Saturday, September 26, 2009

Tricky Tricky Tricky

I was reading a blogpost by the great and wonderful and wise Ta'Nehisi Coates over at Atlantic and in the course of writing about something else he had this great line about how all his black friends have loads of white friends and all his white friends have one black friend. Outside of just being kind of witty, I thought how true it was.

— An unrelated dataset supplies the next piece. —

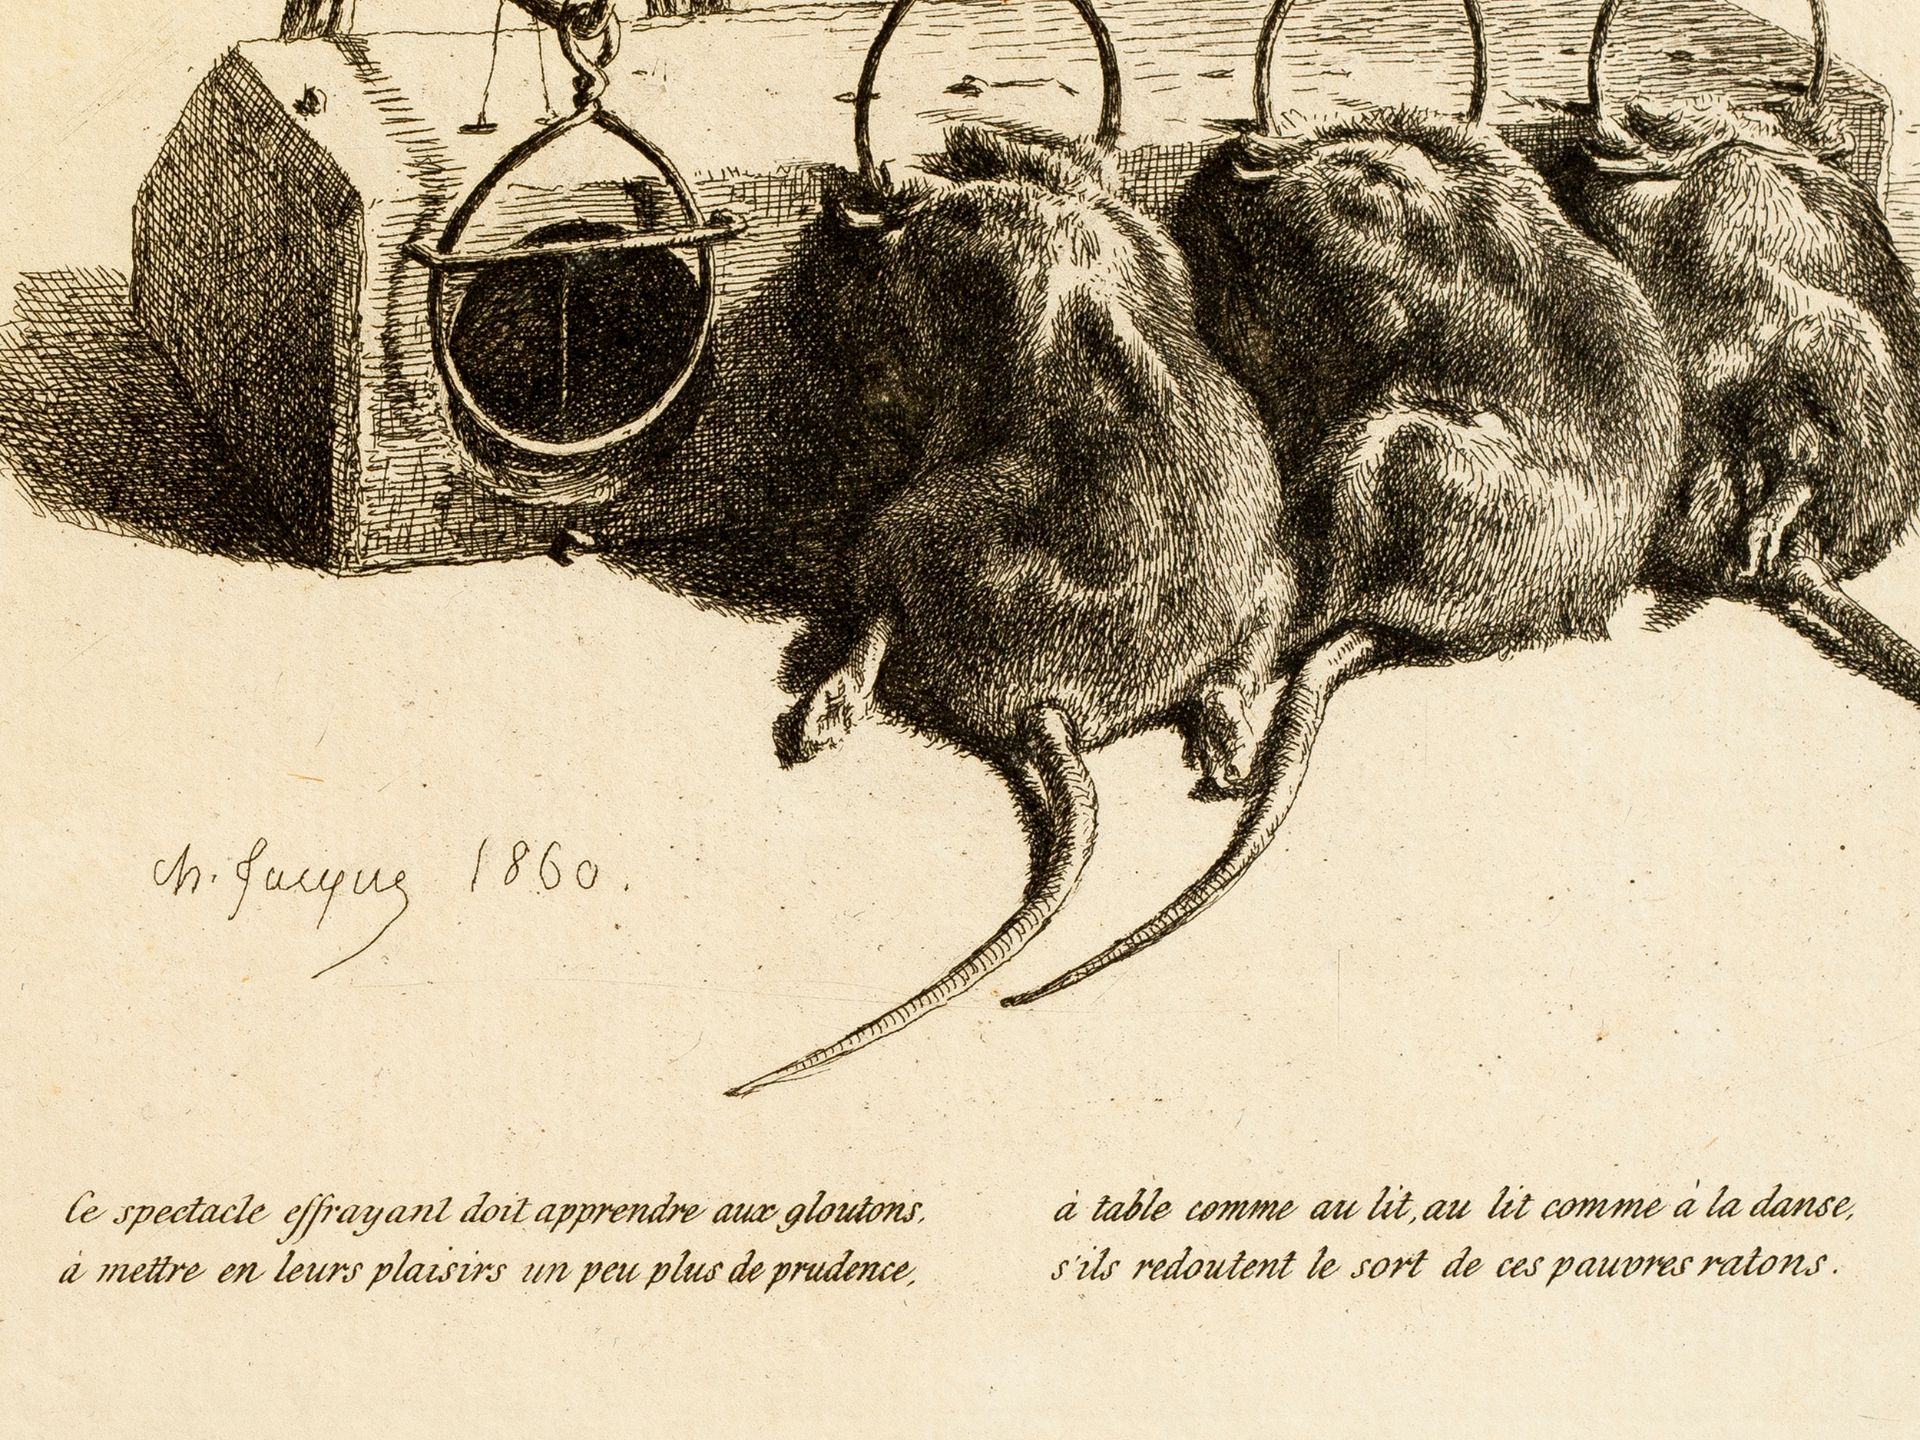 Rat trap, Lithography, 19th century - Image 3 of 5

Think about when you're watching some mainstream sitcom on the TV, it's not at all unusual to have one black guy hanging out with a bunch of white people, but how often is it the opposite? I mean, it struck me watching Pysch last night (shut up, I love that show and both those boys are super cute), that Shawn has been the lone white guy with Gus's friends and family on a few occasions. And it's notable, I think, that this struck me as something unusual.

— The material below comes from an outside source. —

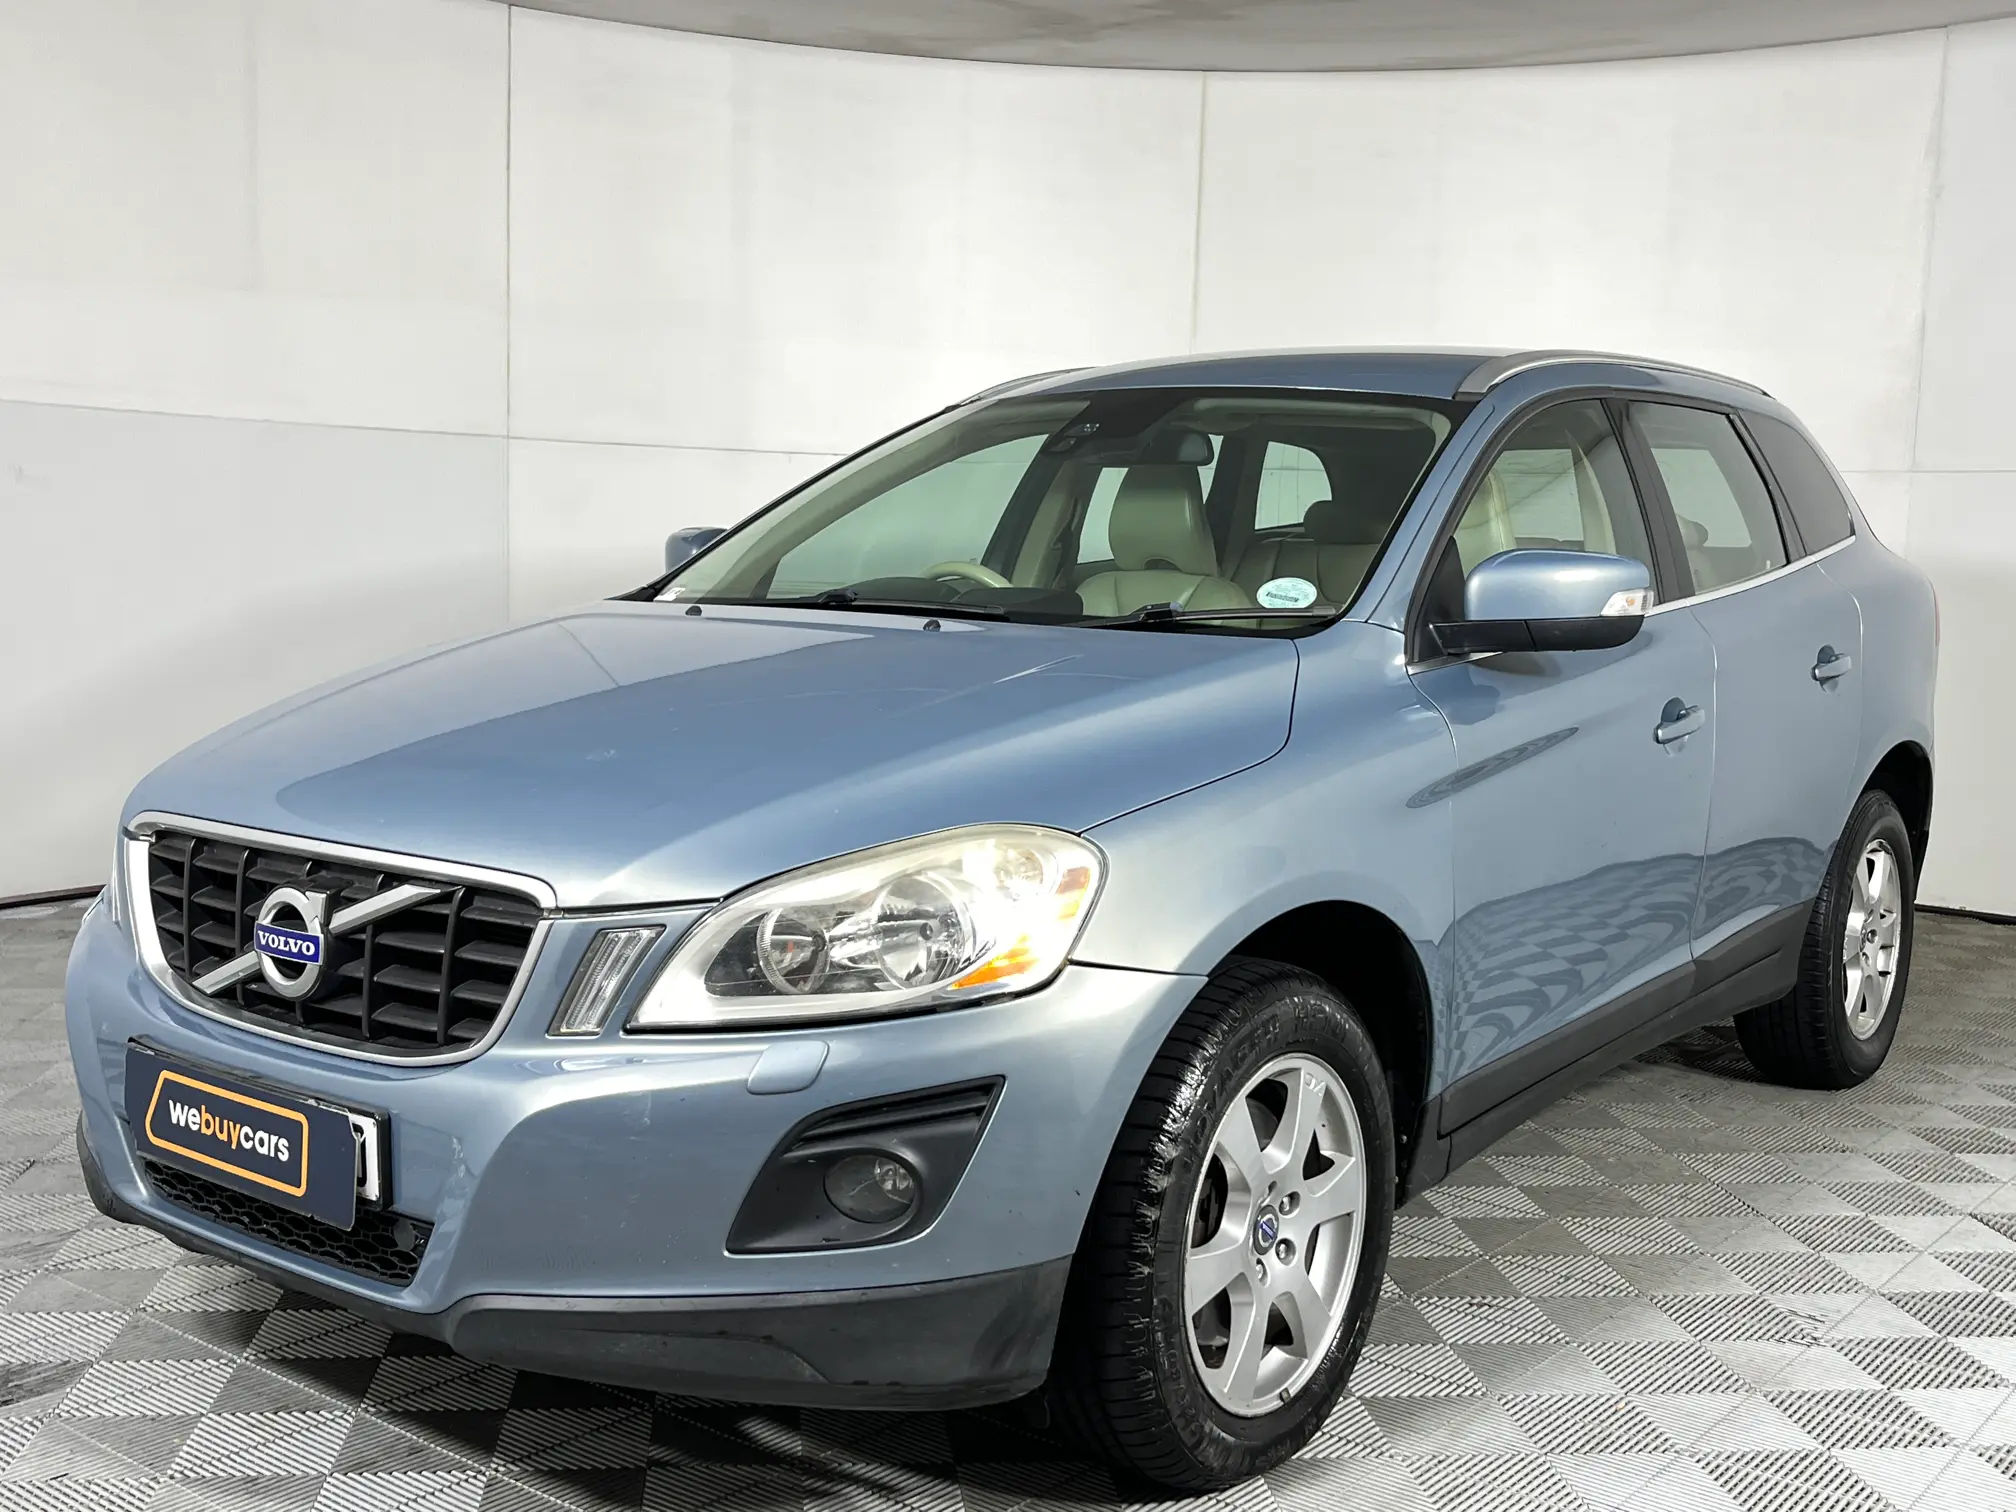 2009 Volvo Xc60 D5 Geartronic

So, I'm a white lady and can only extrapolate, but I imagine it can be a total drag to be the one black friend. I mean, how often do you get called upon to arbitrate: "racism sucks, but I'm cool, right?" One of the many cool things about having Barack Obama as our president, is that he flat out refuses to be that guy. You say to him "racism is everywhere! but I'm cool right?" And he says "Um, yeah, so, how 'bout them Sox?" In other words, "I am not Morgan Freeman in any of those movies. Work it out yourself."

So, in the interest of working it out let's take a look at a couple of virals and you can tell me if I'm right or if I'm cuckoo for cocoa puffs or not. Actually, these things may not be mutually exclusive, but still.

Viral One:

As soon as I'm off the phone with a great deal of my customers I'm prone to turning to a colleague, cussing a blue streak and gesticulating wildly. But I doubt a youtube of me doing that would ever go viral.

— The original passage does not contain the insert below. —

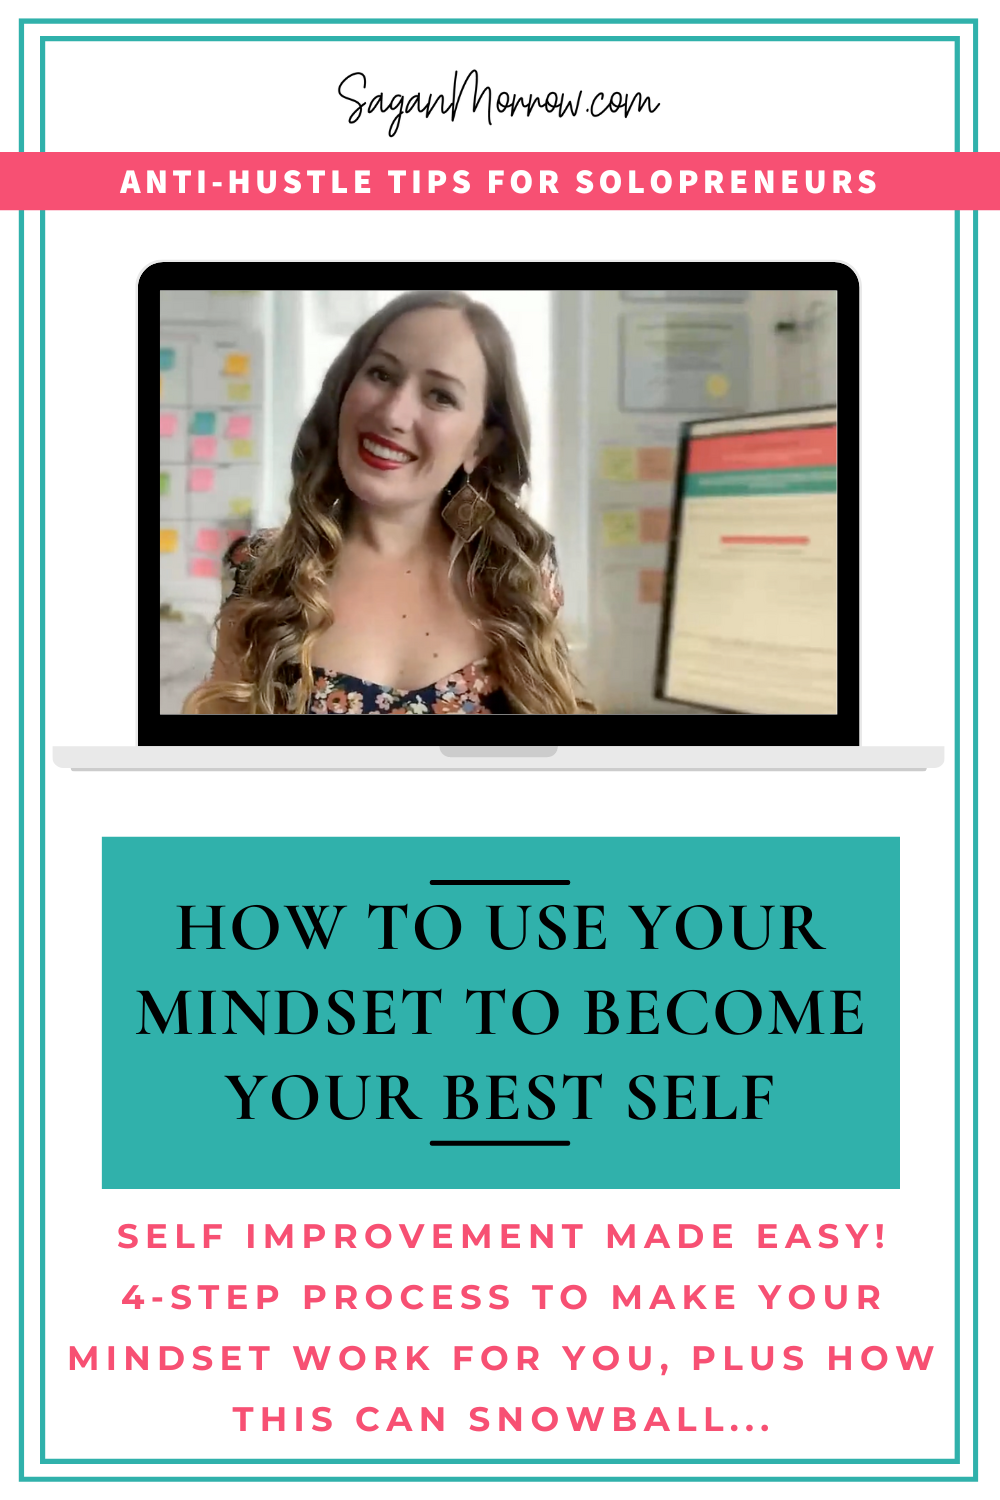 Ready for self improvement? You can use mindset shifts to become your best self! This is self improvement made easy… Find out the 4-step process to make your mindset work for YOU that I use in life coaching sessions with my clients (if you’ve ever wondered questions like, “What is mindset coaching? How can a mindset coach help me, what can mindset shifts do for me, and how can mindset coaching benefit me?” then this is also a must-watch video for you!)

How about if we switch it up and look at this:

Now, let's swap out the race there and does this still seem like the a hilarious, joyful way to kick off a wedding? Or would it then be, you know, "ghetto?"

In a phrase, I'm not saying, I'm just sayin...

Wednesday, September 9, 2009

Where's Brooke?

So, I published the first damn chapter. I hate it. Of course. I'm going to move it and keep my beloved Shouting Down the Well for shouting down the well.

If you want to follow what's happening with Brooke (and, it's quite a tale... I can say that without fear of hubris since I stole it all from George Eliot and I think we can all agree that she was really really good... unless, of course, your only experience with George Eliot was being forced to read Silas Marner in 8th grade which probably means that you disagree with me that George Eliot was really really good, but you're wrong. She was), go here.

A quick post more in keeping with the general tone of this blog:

Yesterday, I read these story in the St. Petersburg Times comprised of reactions to the president's speech yesterday by high school students. It made me hopeful for the future. Seriously. But my favorite was a comment that I can no longer find:

"Hitler also washed his hands."

(not sure if you watched the speech - Obama urged school children to wash their hands to prevent the spread of flu).


Tuesday, September 8, 2009

Brooke: Chapter One

On a hot August Tuesday, 1991, Brooke stood on a bustling corner in the heart of downtown Chicago as the 78th averted eye and 39th irritated sigh brushed past her, her clipboard and her thinly veiled air of superiority. She rolled her eyes and consoled herself thusly: “There is still nothing more satisfying than having met one’s moral responsibility.”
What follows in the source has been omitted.